As noted above, the type belt 10 is constantly rotating, carrying each of the symbols in a traversing movement across the front of the paper 14 and therefore it is necessary to energize the primed coil 16 to print the preselected symbol at that column only when the preselected type 11 is momentarily located or synchronized at this desired position. When the preselected symbol 11 on the moving type belt 10 reaches the position of the fixed detector 21, its associated code 12 is read by the detector 21 and compared with a corresponding code for that same symbol that has been previously inserted in a matrix 26 by operation of the preselected key 18 in the keyboard 17. Since these codes correspond, a comparator circuit 43 energized by both the matrix 26 and detector 21 applies a pulse to a gate 27 to interconnect the timing detector 22 with a multistage type position counter 28. Thereafter as the type belt 10 continues to move at its constant speed, a pulse is produced by detector 22 for each equal distance traveled by the belt 10 and each such pulse is applied to the type position pulse counter 28 to step this counter from stage to stage. Each stage of the type position pulse counter 28 is provided with an output line 35 that energizes a gate 31 which also receives energization from a corresponding stage of the column pulse counter 23 over line 32. Thus when the preselected symbol 11 on the type belt 10 reaches the desired column corresponding to the primed induction coil 16, the corresponding gate 31 is energized by the stages of both

counters

23 and 28 to produce a pulse over the gate output line 37 that closes the appropriate switch 24 interconnecting the magnetic induction coil 16 with the output line 33 from the column pulse counter 23. This energized one of the magnetic induction coils 16 provides an induction field at that column, inducing current in the preselected symbol 11 and printing that symbol on the sheet 14.

Thus, the column selecting pulse counter 23 selects or primes each of the coils 16 in sequence in response to each manual selection made by the keyboard 17 and accordingly determines the column on the paper 14 to receive the next printed character or symbol.
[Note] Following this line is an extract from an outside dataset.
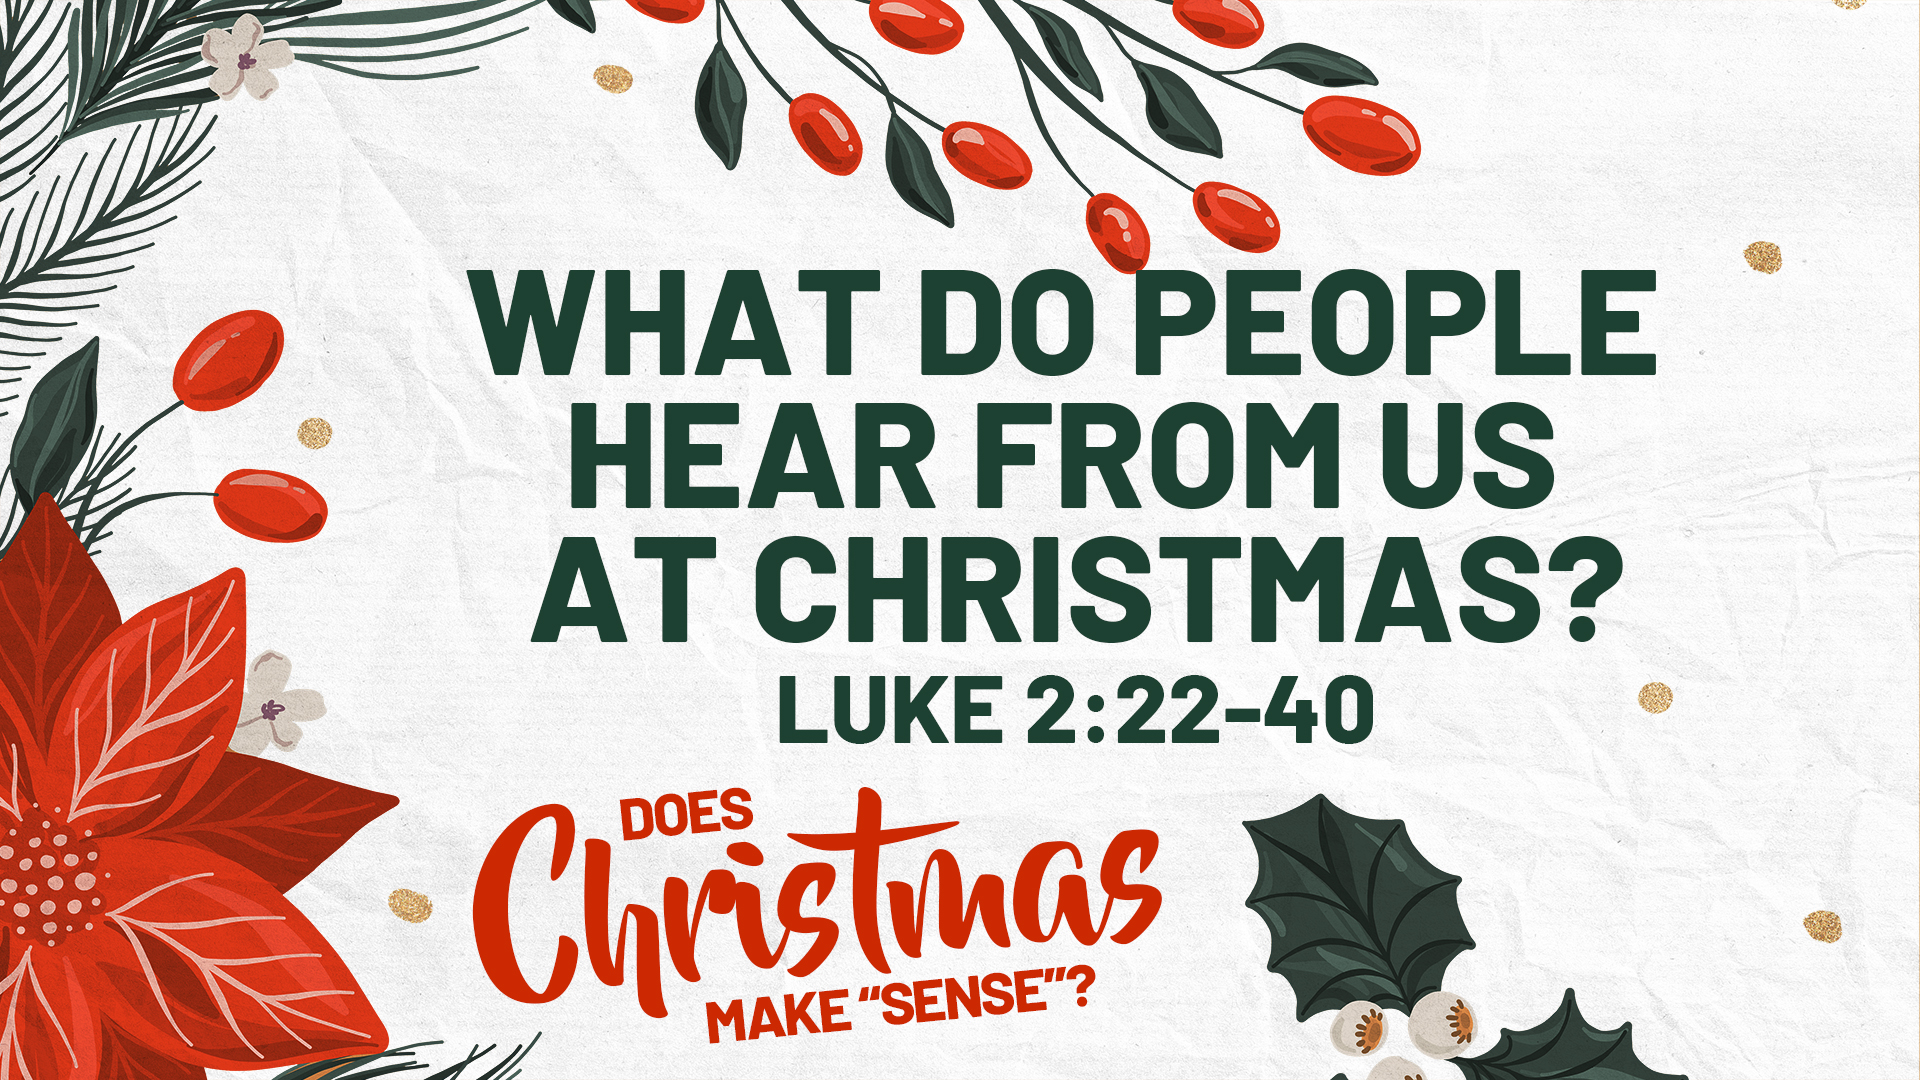 What do People Hear from us at Christmas?

The type position selecting pulse counter 28 on the other hand responds to the actual position of the preselected type or symbol 11 on the belt and determines when that symbol is located at the correct position or column to be printed. At this time, the combination of column pulse counter 23 and type position counter 28 operates a gate 31 to close the switch 24 thereby energizing the primed magnetic induction coil 16 to effectuate a printing of the preselected type at the preselected column on the paper 14.

As shown in FIG. 3, the column selecting pulse counter 23 is provided with a number of

stages

23a, 23b, 23c, and 23d corresponding to the maximum number of columns (or symbols) to be printed on each line. These stages are preferably connected in an endless chain with the output of the last stage 23d being connected backwardly to the first stage 23a over line 81, in a manner commonly known as an endless ring counter circuit. In this manner, when the last stage 23a of the counter has been energized to preselect the last column for printing, the counter 23 recycles in response to the next pulse from the keyboard 17 to again energize the first stage 23 of the counter and start a new line of printing.
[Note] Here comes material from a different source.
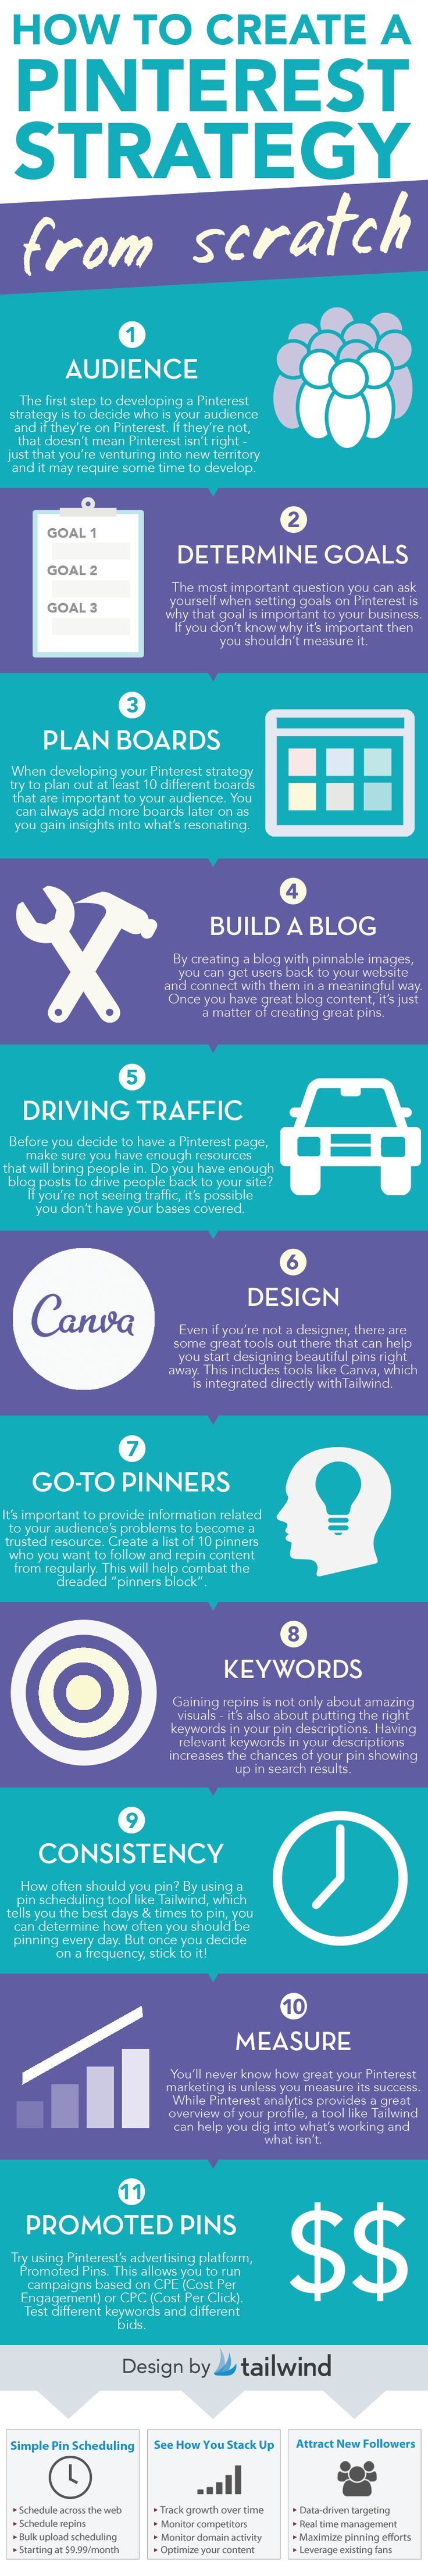 Thank you Tailwind App for mentioning Canva! Some great tips on How To Develop a Pinterest Strategy from S

After each line of printing has been completed, the energization of the last stage also energizes a gate circuit (FIG. 1) leading to a ratchet drive mechanism 66, of conventional design, for automatically advancing the paper 14 to receive the next line of printing. However this gate 65 is not closed at this time to advance the paper until the symbol in the final column of the paper has been printed. This occurs when the final magnetic induction coil 16 in the line is energized, whereupon the closing of the last switch 24 energizes gate 65 through an isolating diode 69 to close the gate 65 and advance lthe ratchet mechanism 66 to advance the paper by one If it is desired to independently advance the paper by more than one line, this can be performed by manually turning a platen (not shown) supporting the paper 14, as in a conventional typewriter; or a paper advance key 106 ma be depressed on the keyboard 17 to independently energize line 76 leading to the ratchet mechanism 66 to electrically advance the paper in steps by one line for each actuation of key 106.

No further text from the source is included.